Yeah. This is a plot point used in a few stories, eg Carl Sagan’s “Contact”
Not accurate. Pi needs to be a normal number for that to happen, something yet to prove/disprove.
Replace numbers with letters, and you have Jorge Luis Borges’ The Library of Babel.
https://libraryofbabel.info/ kinda blows my mind.
I’m going to say yes to both versions of your question. Infinity is still infinitely bigger than any expressible finite number. Plenty of room for local anomalies like long repeats and other apparent patterns.
My birthday in American MMDDYYYY format shows up in the first few ten-million digits, but in standard DDMMYYYY format, it’s not in any of the digits that site is able to check.

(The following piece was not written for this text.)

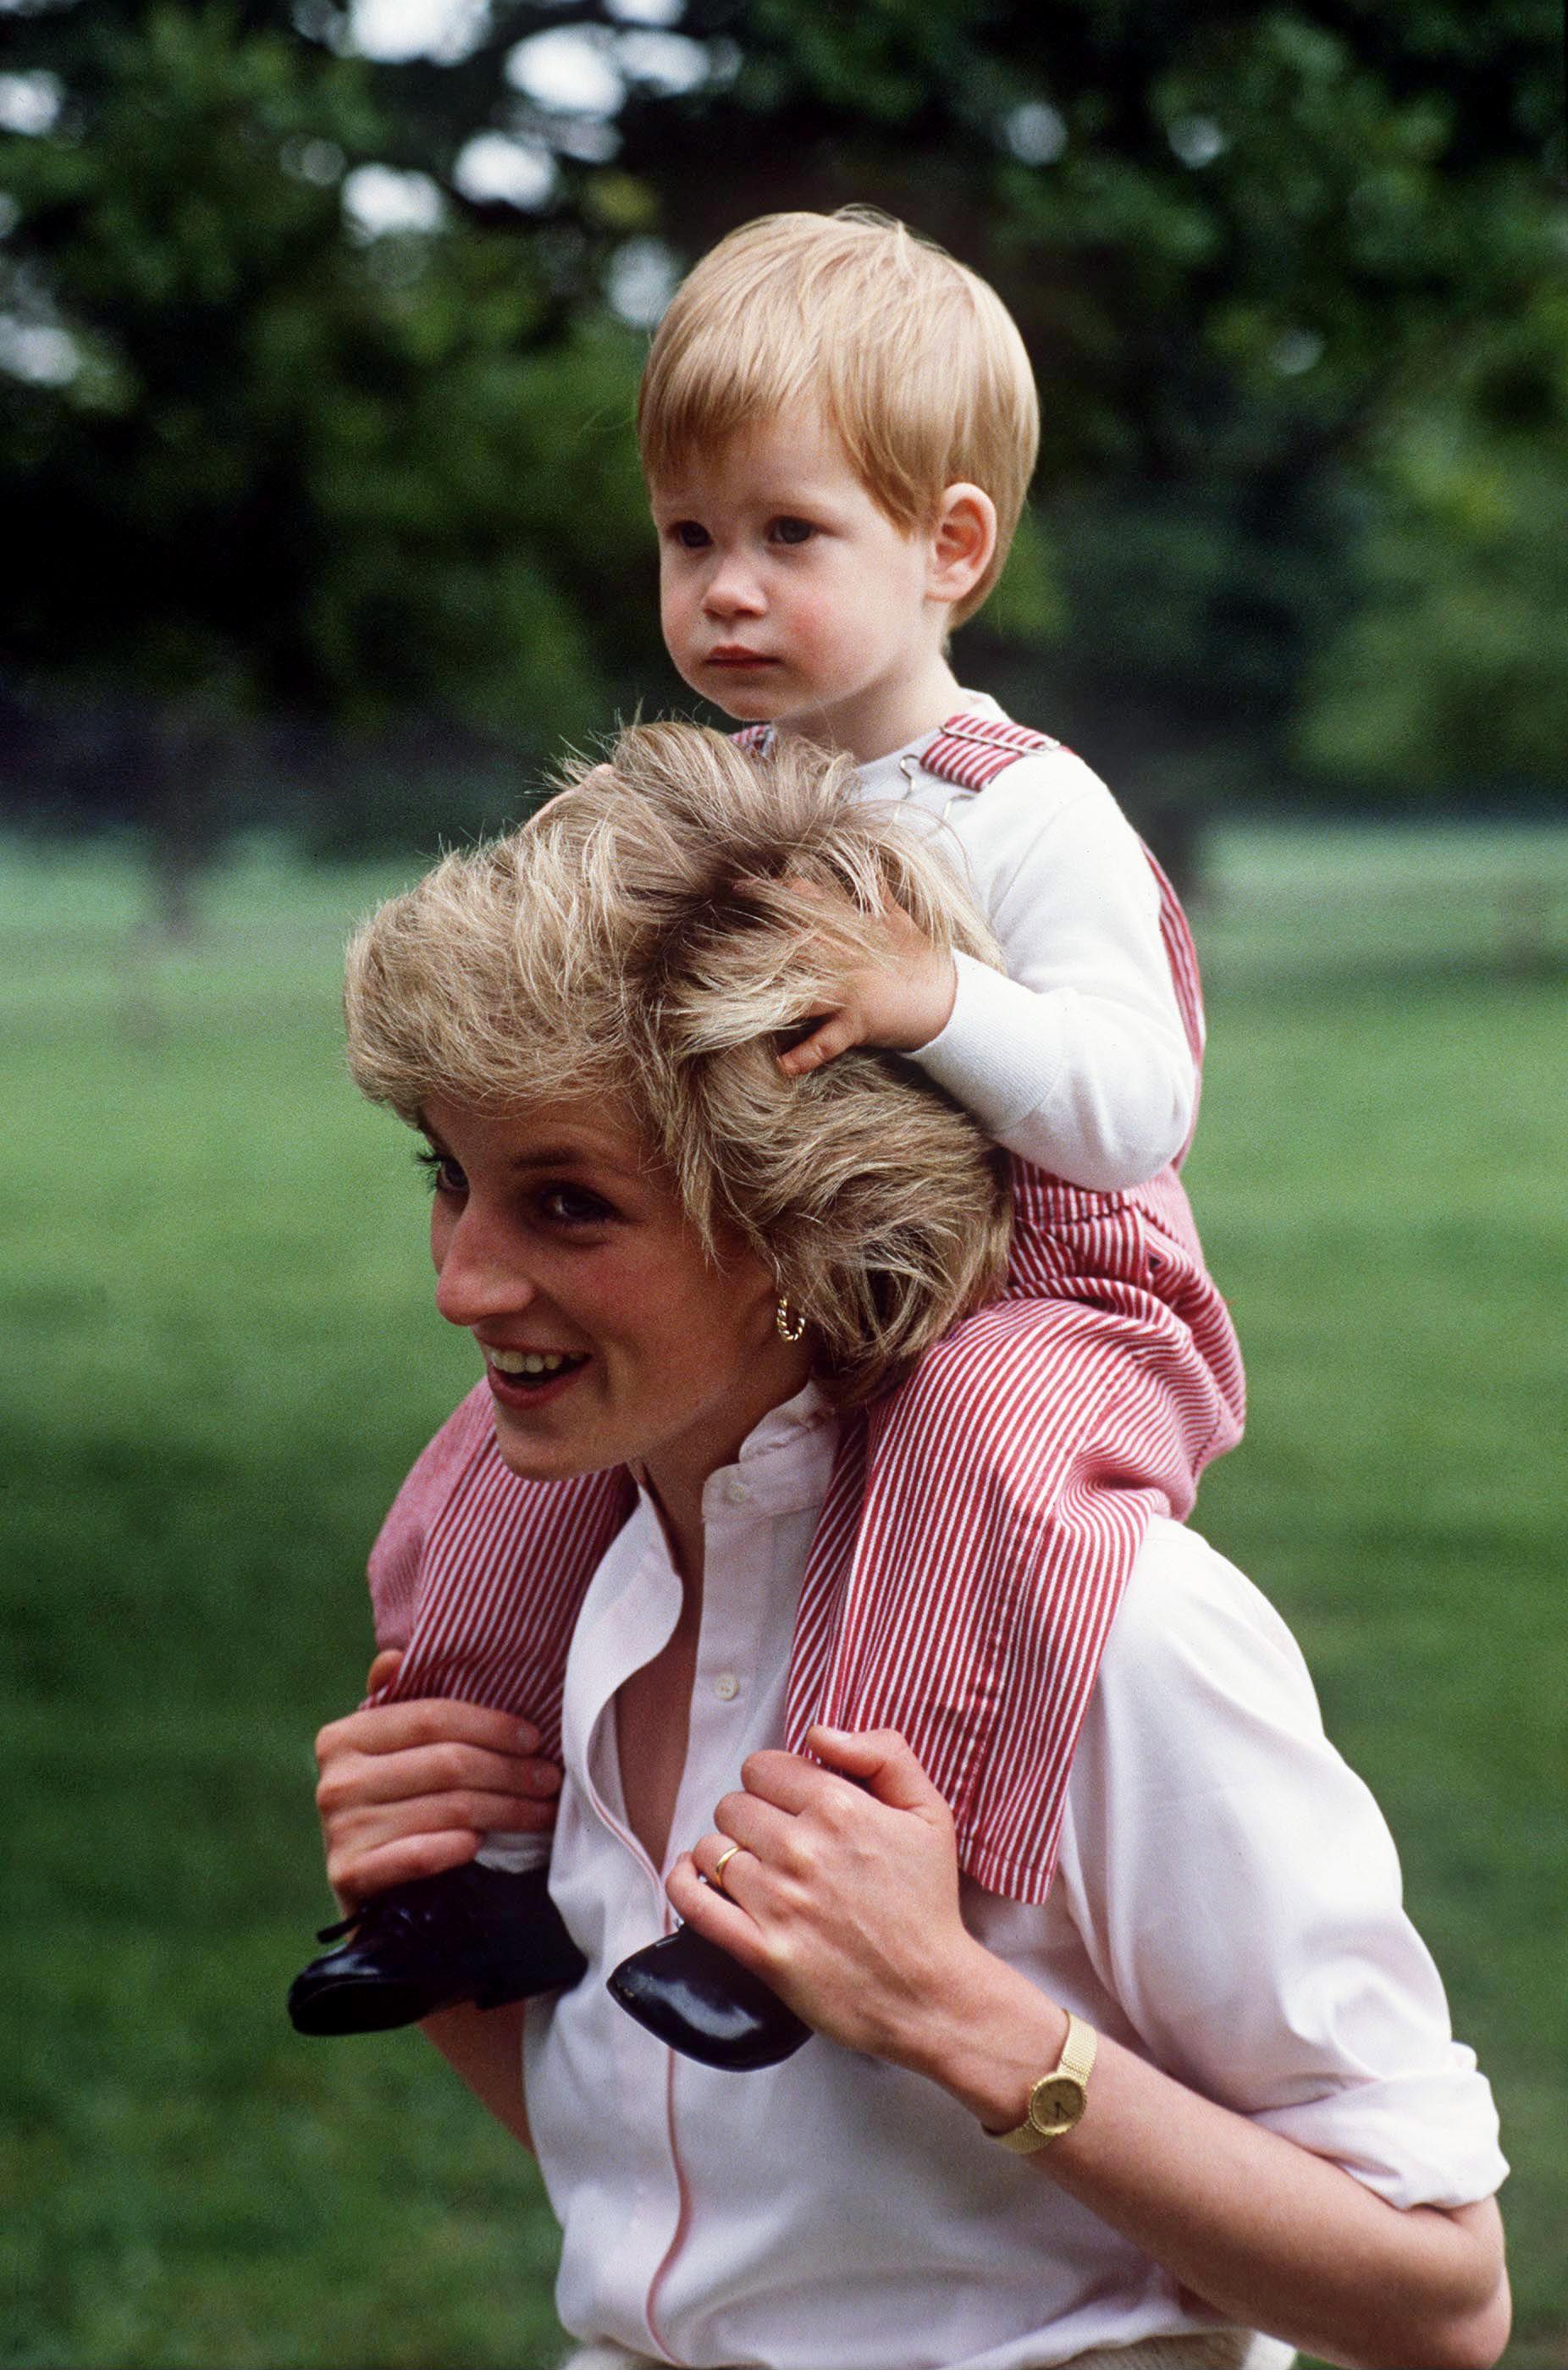 黛安娜王妃,黛安娜,黛妃,英國皇室,黛妃忌日,威廉王子,哈利王子

Self-doxxing! Makes me wonder how many of the dates would fit.
standard DDMMYYYY
🙄
Yes
Can you prove this? Or link a proof?
I don’t know of one but the proof is simple. Let me try (badly) to make one up:
If it doesn’t go into a loop of some kind, then it necessarily must include all finite strings (that’s a theoretical compsci term).
Basically, take a string of any finite length, and then view pi in inrements of this length. Calculate it out to double the amount of substrings of length of your target string’s interval you have [or intervals]. Check if your string one of those intervals. If not, do it again until it is, doubling how long you calculate each time.
Because pi is non-repeating, each doubling in intervals must necessarily include at least one new interval from all other previous ones. And because your target string length is finite, you have a finite upper limit to how many of these doublings you have to search. I think it’s n in the length of your target string.
Someone please check my work I’m bad at these things, but that’s the general idea. It’s also wildly inefficient This doesn’t work with Infinite strings because of diagnonalization.
No this does not work. Counter example can be found in the comments here of a non-repeating number that definitely does not contain all finite strings.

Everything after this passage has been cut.